Impact of COVID-19 on Recruitment
Beyond complete halts, restrictions on non-essential staff entering wards limited recruiters' opportunities. Carer and family member access was also restricted, making it difficult for patients to discuss participation with their families. Some patients were hesitant to engage in extra therapy sessions or allow healthcare professionals into their homes, primarily due to fear of contracting COVID-19.
‘COVID was already something extra to deal with. They were already really stressed. The idea of having someone else come in or something else to deal with, people just said, “No. I’m not doing that.”’ (Participant 3).
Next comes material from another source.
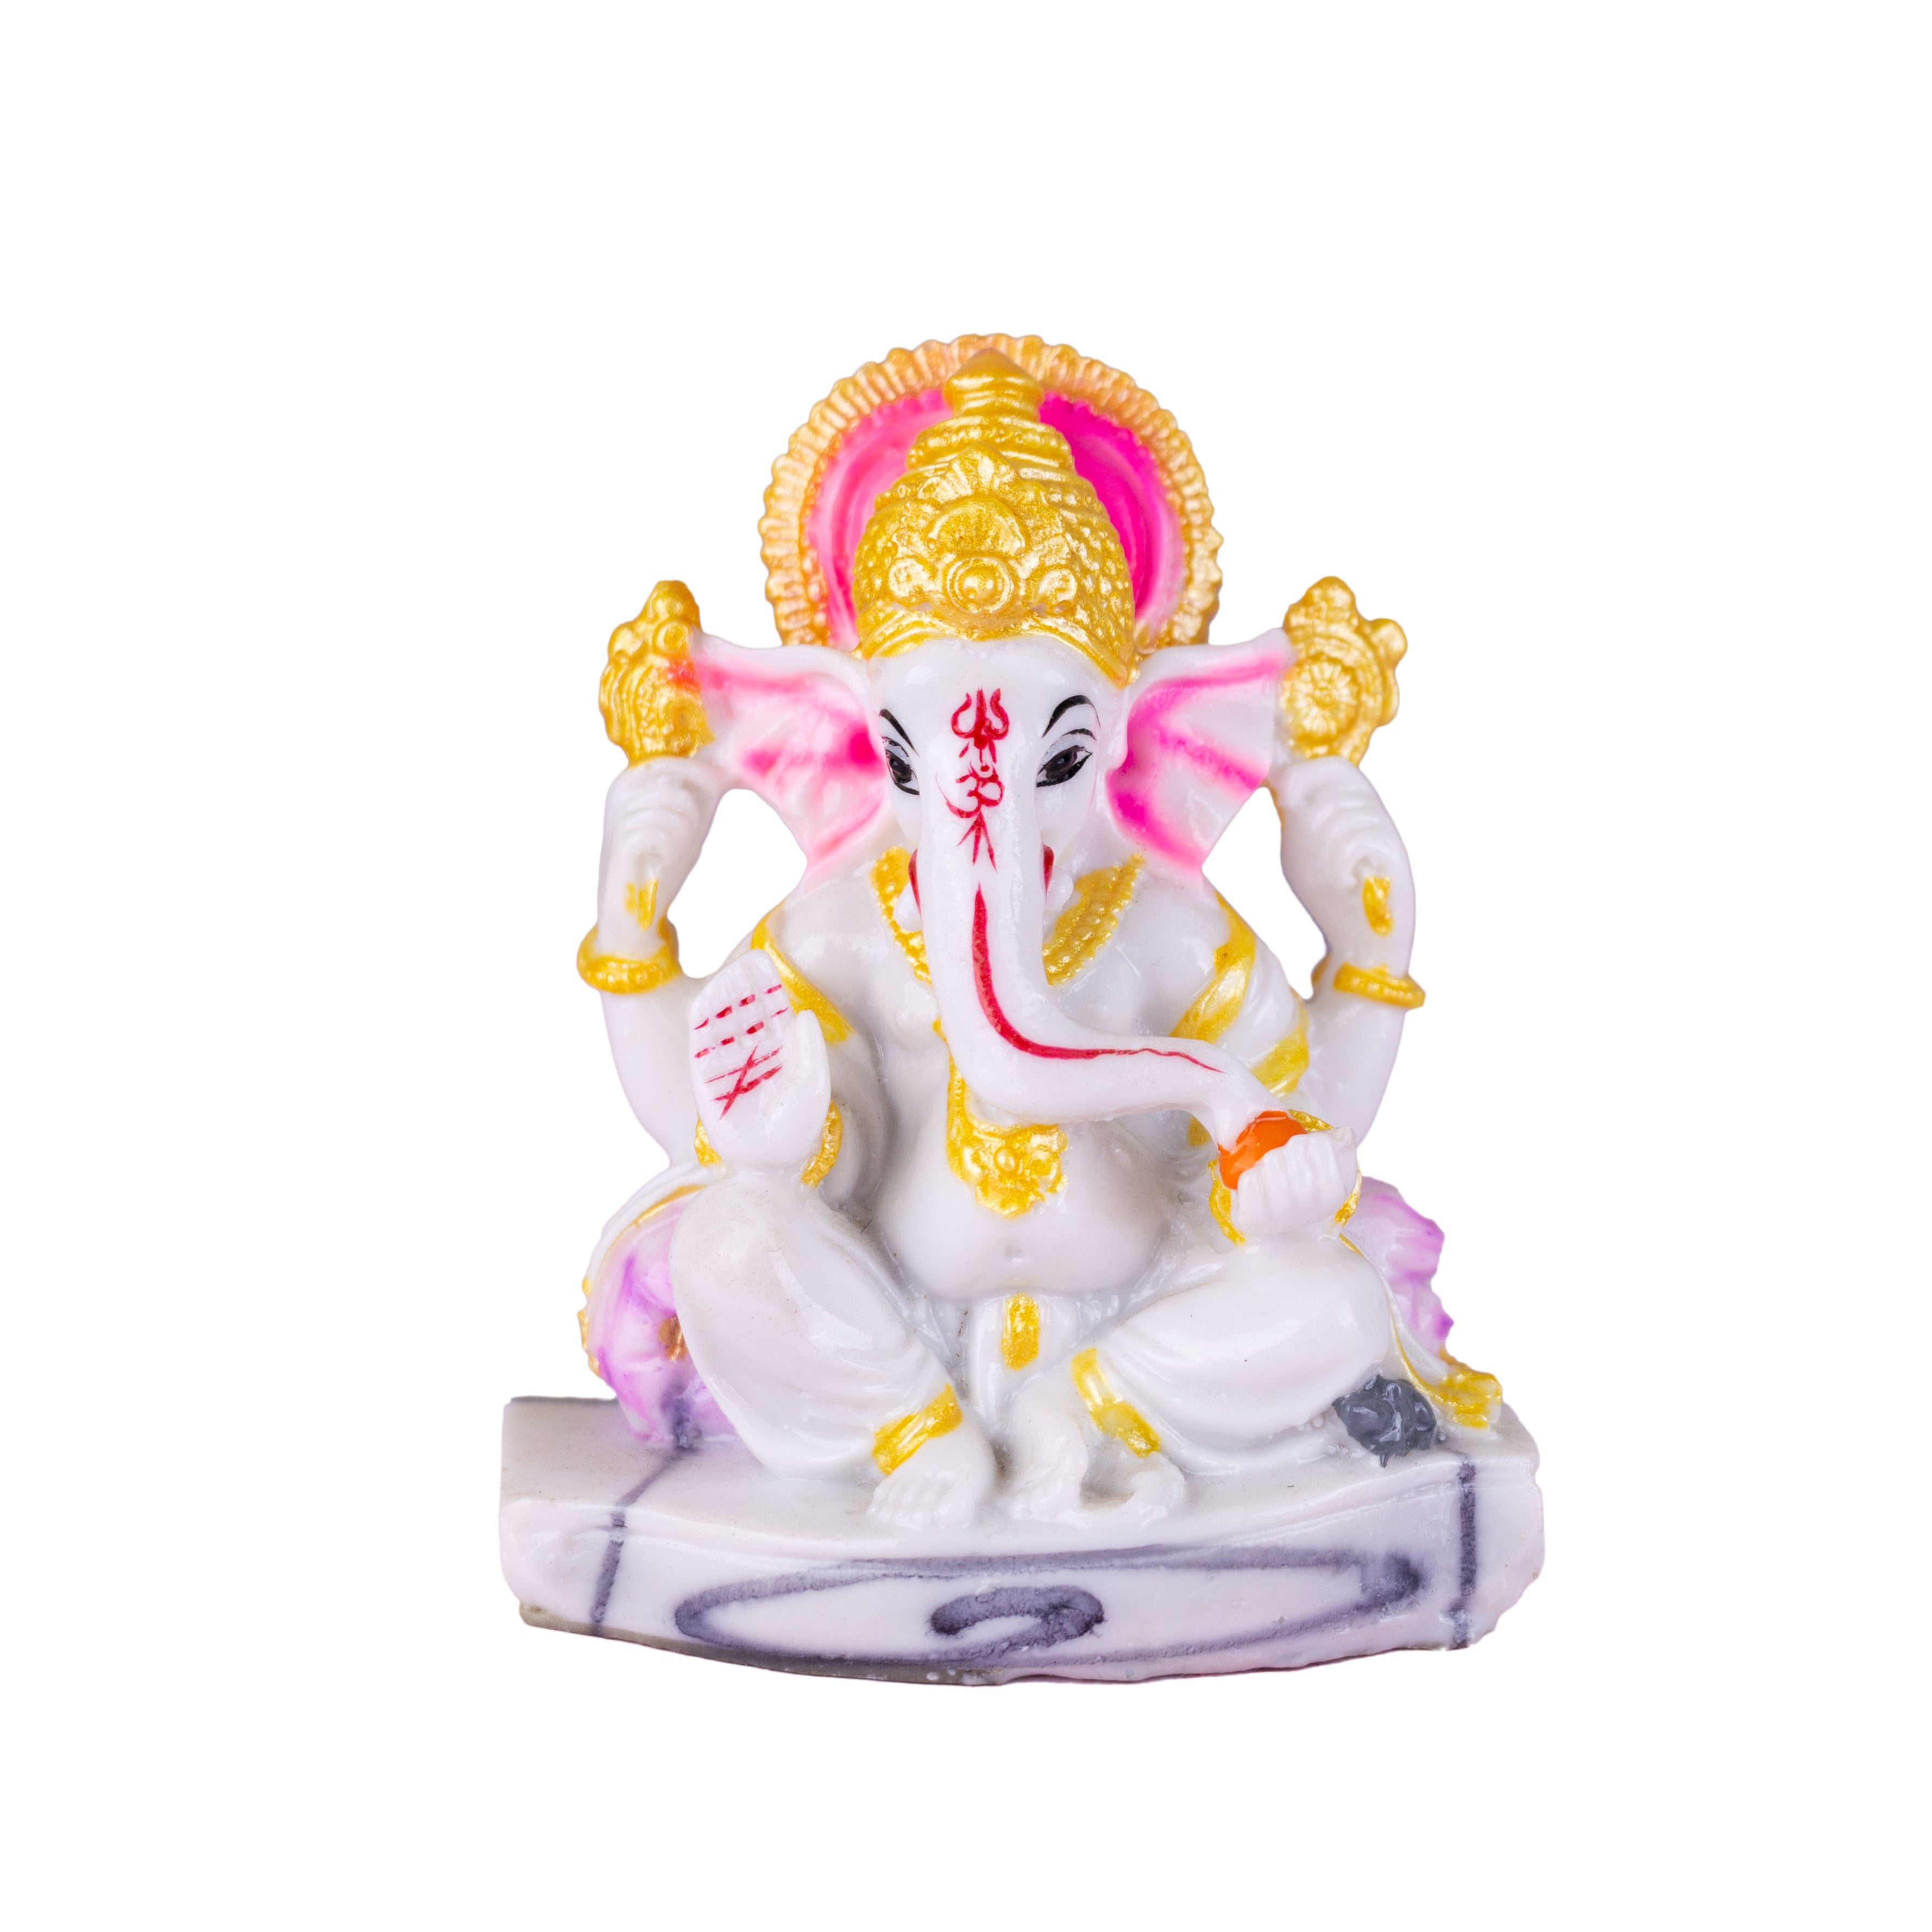 Ganesha small

Interestingly, some recruiters noted that the trial's offer of increased social contact, regardless of the assigned arm, motivated patients during the isolation of the pandemic.
Access and Integration Barriers
Recruiters faced practical difficulties in accessing clinical notes and systems to determine patient eligibility. Variable access to clinical systems and challenges in approaching patients within busy ward environments further complicated the process. Patient turnover and movement between wards also hindered follow-up efforts due to limited system access for researchers.
The recruitment process was labor-intensive, involving multiple ward visits and duplicate paperwork. Competing priorities among clinical staff, who were often unable to assist due to ward pressures, also posed a challenge. Some recruiters felt isolated from the main trial site, with communication difficulties between acute and community sites hindering intervention delivery.
Rapport, Relationships, and Communication
Communication style, rapport, and communication skills were crucial in explaining the trial to patients. Introducing patients to research team members with whom they were already familiar facilitated relaxed conversations and trust. Reducing stress for patients by minimizing initial information or recruiting in the home setting also proved beneficial.
Relationships with clinical and clerical ward staff were key to successful recruitment. Family involvement could either encourage or discourage participation, depending on their perceptions of the trial.
Information and Knowledge Gaps
Inadequate guidance around the recruitment process led to inconsistent trial implementation across different sites. Recruiters reported that the patient information sheet was initially overwhelming, with too much information. Some felt that questionnaires covered overlapping concepts, increasing patient burden.
‘Why don't you have a little read through that, and we'll come back to you in 2 days?’ and they’re like, “I really feel rough. I'm on all kinds of medication for pain. I've just had an operation. What the hell are you asking me to read 18 pages for?”’ (Participant 7).
Addressing Perceptions of Research
Negative perceptions of research, such as patients feeling like "lab rats," and misunderstandings about randomization, also hindered recruitment. Patients with prior research experience or connections to healthcare were more likely to participate.
Explaining equipoise—the genuine uncertainty about which treatment is more effective—was crucial in reassuring patients that they would not lose out by participating. Carer reluctance, stemming from a lack of perceived personal benefit or discomfort with questionnaires, also posed a challenge.
Ethical Dilemmas and Eligibility Ambiguity
Recruiters faced ethical and moral dilemmas when deciding whether to approach patients with limited capacity, significant life stresses, or reduced life expectancy. Some erred on the side of caution, while others felt it was essential to offer all eligible patients the opportunity to participate.
Difficulty in separating clinical and research roles, coupled with patients seeking clinical input from recruiters, further complicated the process.